There are days when I hardly think of her. There are days when I never think of her at all. Then there are days when I am completely consumed with wonder and confusion. Today is one of those days. Today, instead of working on my piles of paperwork that continues to grow, I find myself checking all of these random websites that have post after post of someone begging to find someone else. Someone that they once knew even if it was for just a short time.
I have known my whole life that I was adopted--"special" as my mother called it. She told me since I was a small child that I was carried in another lady's tummy. My mom told me that she chose me. It always made me feel good about myself. In fact, I used to say to my brother-- "mom was STUCK with you, but she CHOSE me." It was a fight he couldn't win. I was special and he wasn't. At least in my mind.
It wasn't until I got older that I realized there actually was someone else out in the world who could have been my mother. Before I go any further I want to make something clear... I know that the Lord blessed me greatly by putting me in a home with a woman who cares for me more than anything in the world. She has always been good to me and done everything that she could for me, and I love her...she IS my mother.

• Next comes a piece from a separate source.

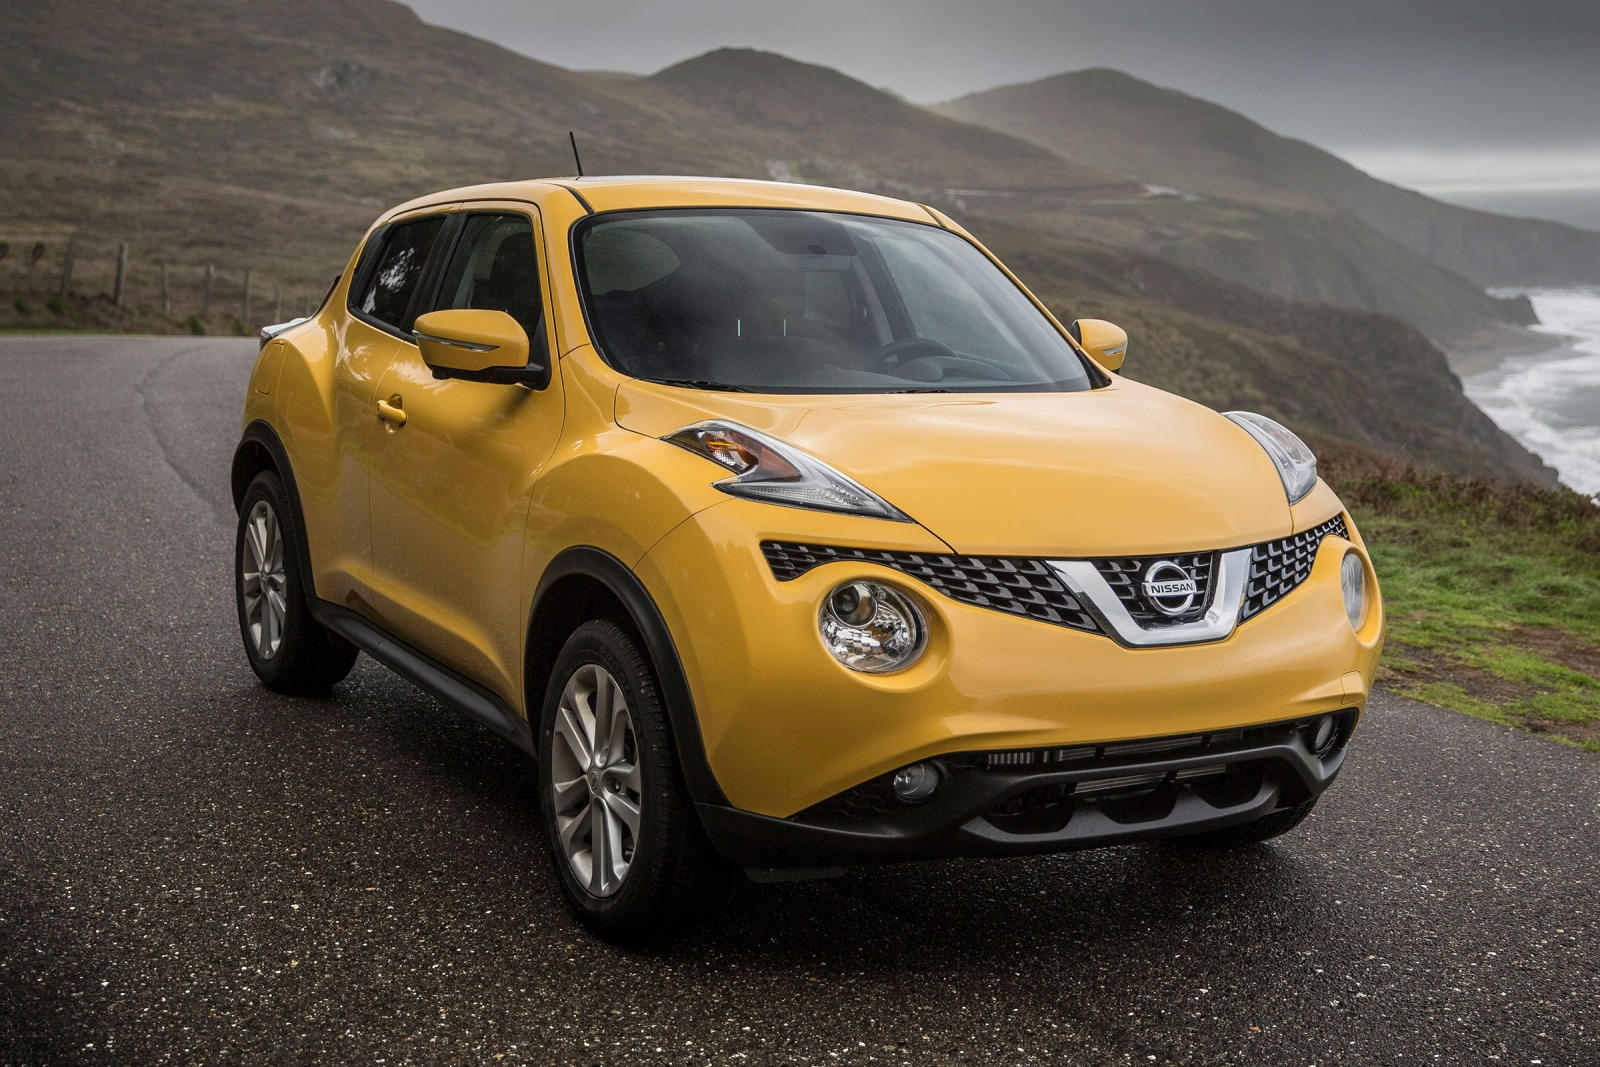 https://cdn.carbuzz.com/gallery-images/2017-nissan-juke-front-angle-view-carbuzz-351662-1600.jpg

But there has always been this spot on my heart. It is more like a shadow, if you will. A spot that literally aches every now and then.
I don't really know what I would hope to find if I ever searched for her. I don't know that I would really want a relationship. I might. More than anything I know that I just want closure. I want to know the reason she did it. I want to know what it was like to give up a baby. I want to know if she thinks about me like I think about her. I want to know if she has any other children. I just want to know what she looks like, for crying out loud.
As the years go by, I have more trouble coming up with reasons why I shouldn't search for her. But there is always one reason I keep coming back to. That reason is the woman who raised me. I feel like she deserves to always be my mother. And I think part of me is afraid that if I do find her, my attention would be divided. I don't want that for her. She doesn't deserve that.